I’ve already come to terms with the increasing number of holes running along the perimeter of her ears. Every time I see her, it seems like there’s another one (thank god no freaky gages, though). But I cannot stand the thought of her ruining a perfectly good ankle or shoulder – covered in all that beautiful skin I spent years patting dry after a bath and slathering sunscreen on for a day at the beach – by some stranger with an electric needle. It really bothers me.

And even though I’ve never had an urge to get another tattoo, when my daughter brings up wanting to get one, I pretend to get all excited about us doing it together.
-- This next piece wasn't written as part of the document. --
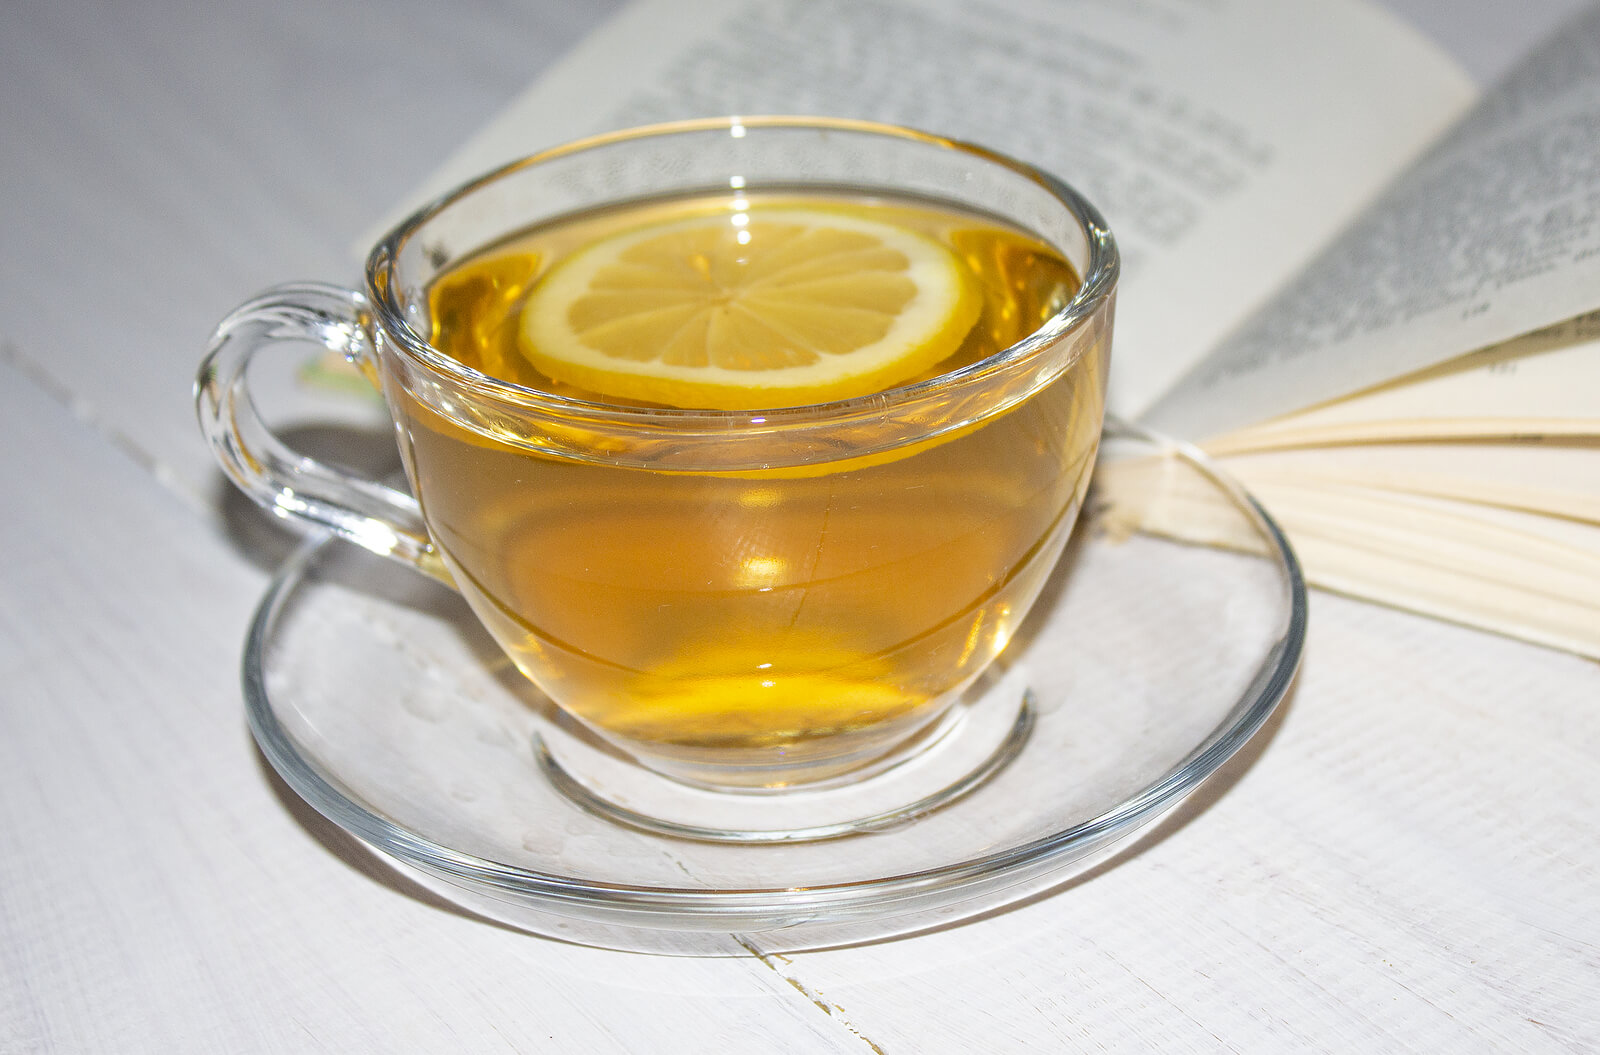 I rimedi naturali per la menopausa includono il tè

I suggest we get the same beef-and-broccoli sign on the inside of our wrists or whatever.

She just stares and gives me the same withering look she reserves for when I suggest she gets a job at school or takes her car in to get the oil changed.

It’s quite scary, actually.

Before she turned 18, my daughter needed my permission to get a tattoo but now that she’s 20, she can walk in and get the side of her face tattooed Mike Tyson-style if she wanted.

It’s hard as a parent to sit back and watch your kids mess with the things you worked so hard to nurture and protect when they were young — like brain cells, lungs and flesh.

I’d like to ask my mom what she thought about four of her eight children having something permanently inked on their bodies, but I don’t think any of us have had the nerve to tell her yet about our tattoos.

Do you have a tattoo? Do you regret it and have you told your mother?